Wine growers said the smaller-than-normal wine grape haul in 2013 is due mostly to unusually cold January temperatures that killed some vines down to the ground.

Quite a few vineyards harvested nothing because of the cold damage, said Skyline Vineyards Manager Dale Jeffers.

“Because of winter injury, a lot of grape plants produced zero,” he said. “The whole industry saw a lot of that. There’s definitely a lighter load.”

Winemaker Martin Fujishin said total yield statewide could be off by as much as 20 percent.

“There is definitely an overall lower crop yield statewide,” said Fujishin, who teaches viticulture at Treasure Valley Community College. “I think most of the damage probably occurred … from the winter cold we had.”

While the 2013 crop will be below normal, vintners said the quality of the grapes that were harvested is exceptional. Martin said conventional wisdom is that if yields are lower, more of the plant’s resources are devoted to the remaining grapes.

Idaho Wine Commission Executive Director Moya Shatz-Dolsby said nature caused yields to be lighter but for the flavors to be more concentrated.

“We’ll have a little bit smaller crop — it might be off 10 percent overall — but it’s turned out extremely nice,” said Bitner Vineyards owner Ron Bitner. “I think it’s going to make some nice wines for us this year.”

“This year’s harvest was not for the faint-hearted,” said Coiled Wines Winemaker Leslie Preston.

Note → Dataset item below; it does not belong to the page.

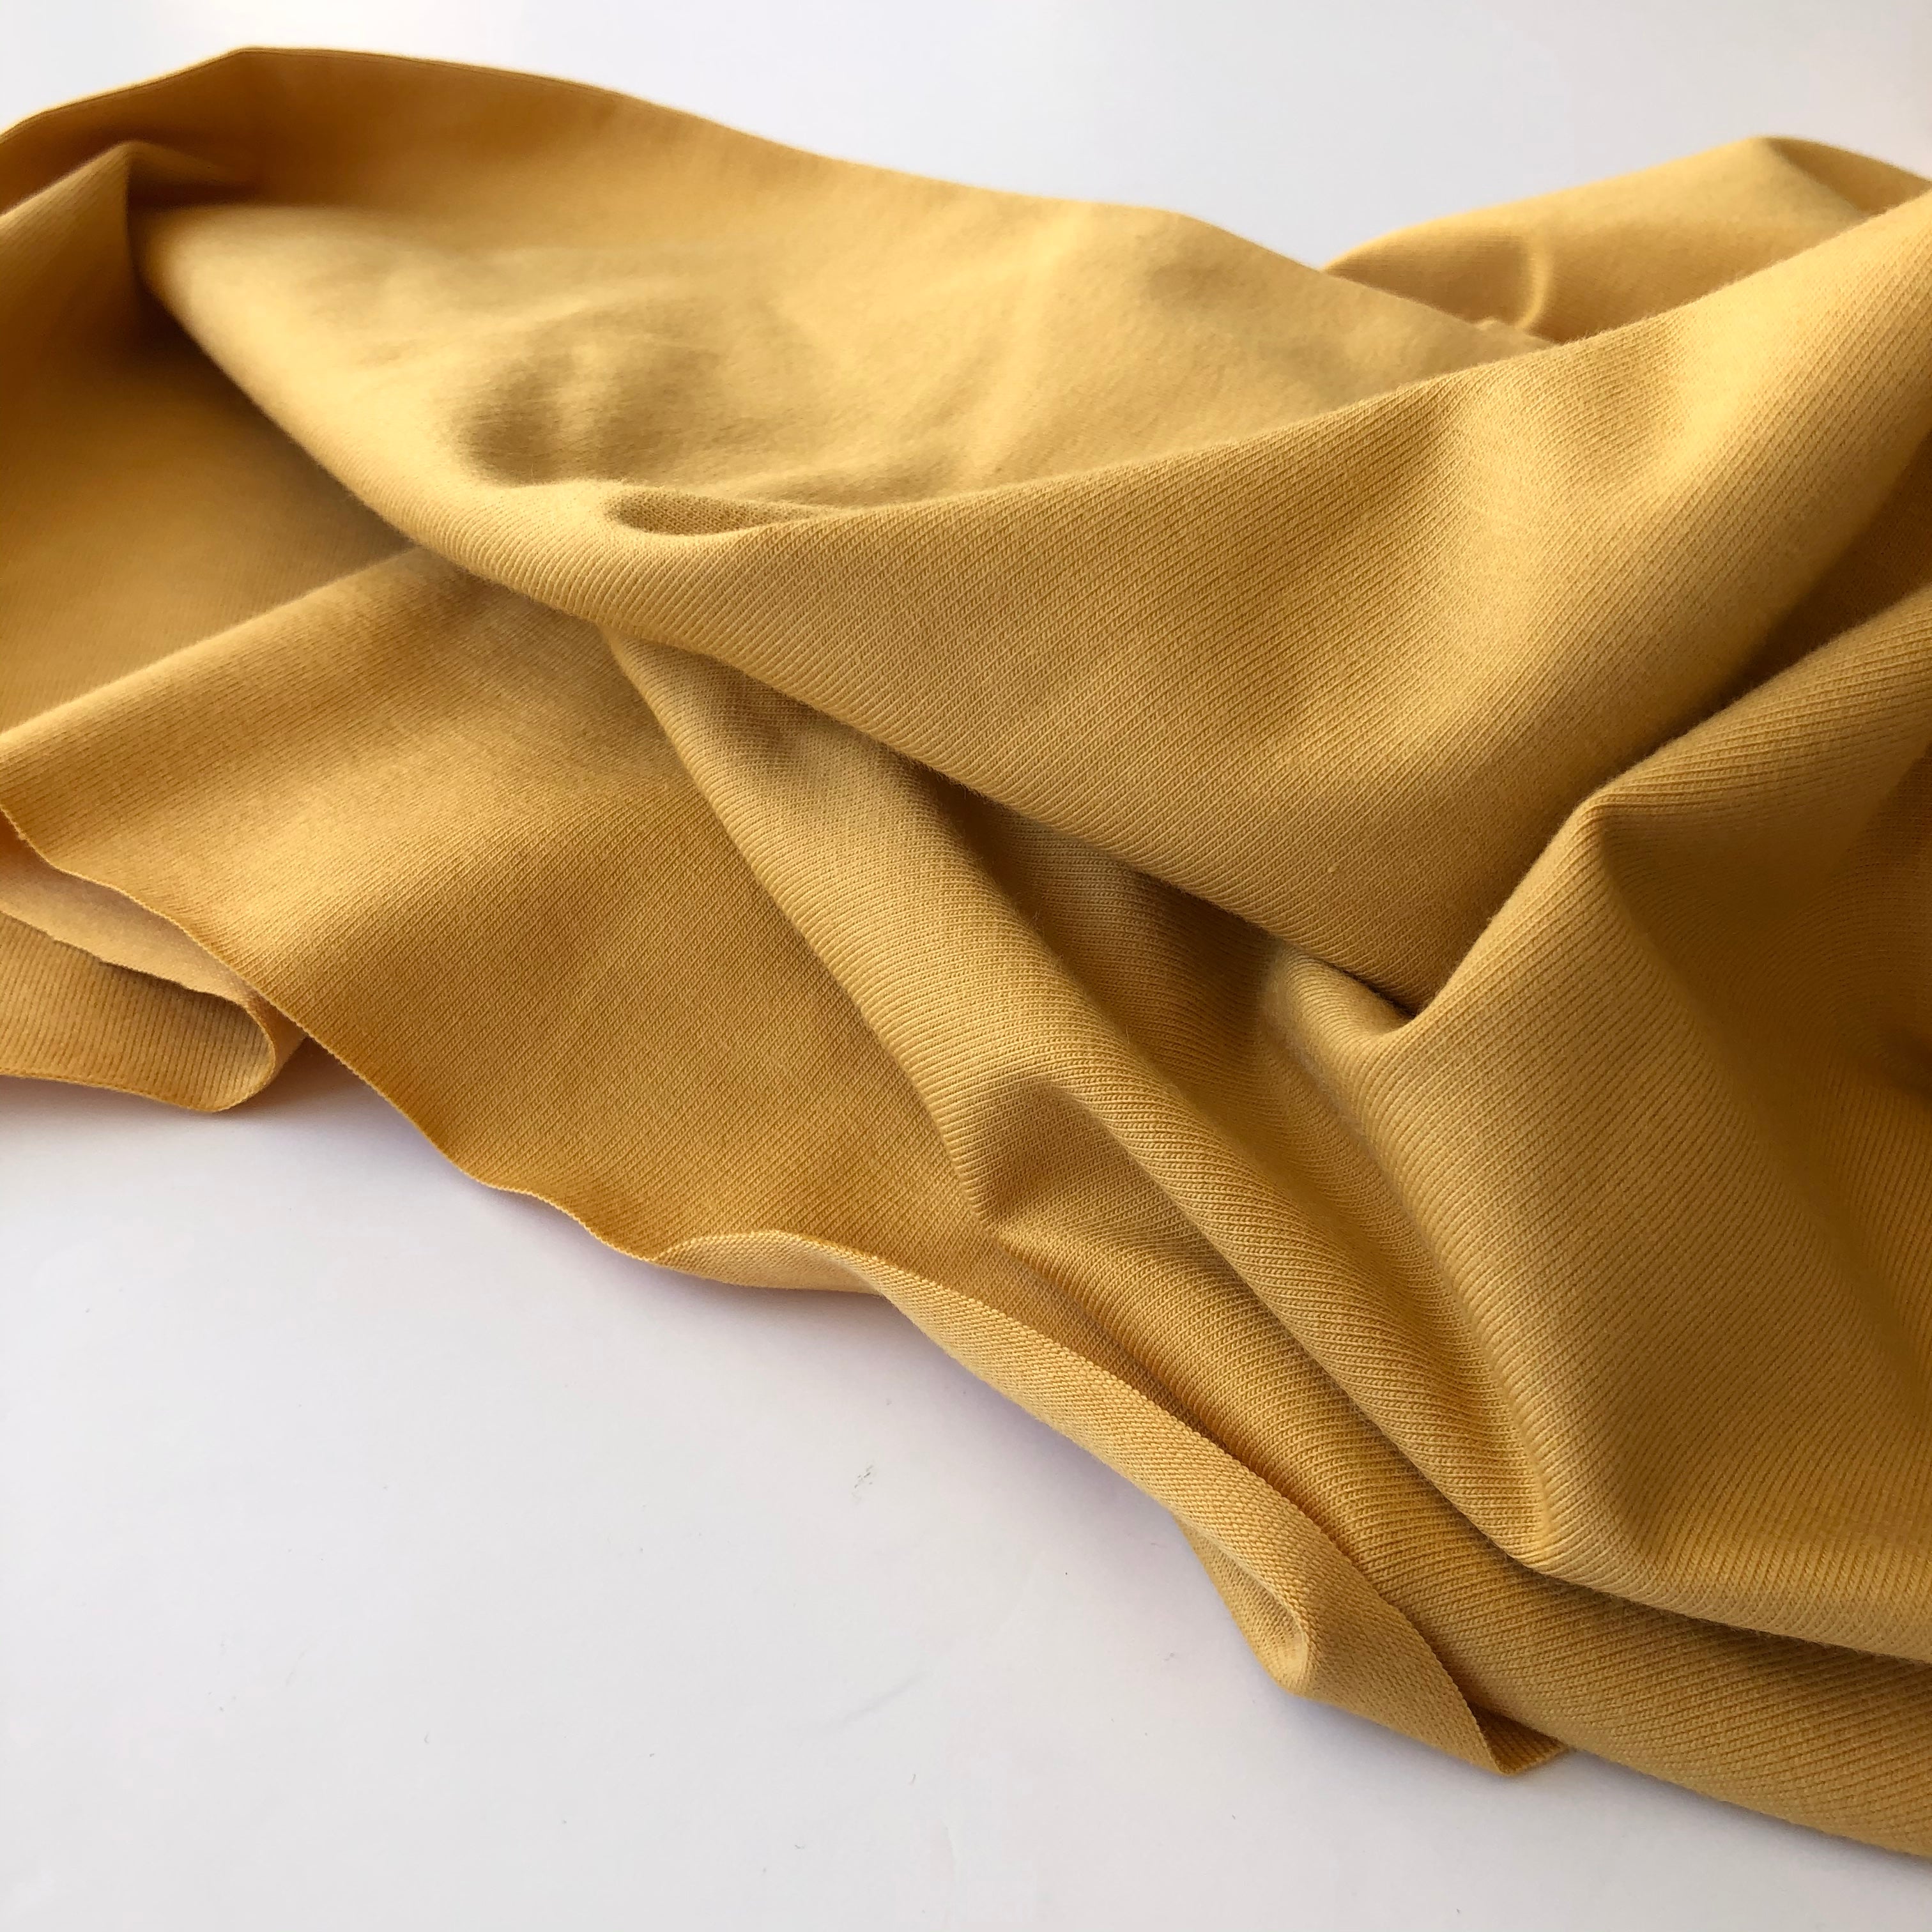 REMNANT 1.00 Metre with washable dirt marks - Essential Chic Amber Plain Cotton Jersey Fabric

But, she added, “I have no doubt that this year’s wine will … be some of the best wine Idaho has seen to date.”

Extremely hot summer temperatures didn’t hurt the grapes and helped offset unusually cold early fall temperatures, said Shatz-Dolsby.

Bitner said the dry, hot summer kept mildew and bug pressure low and he sprayed less than he has in years as a result.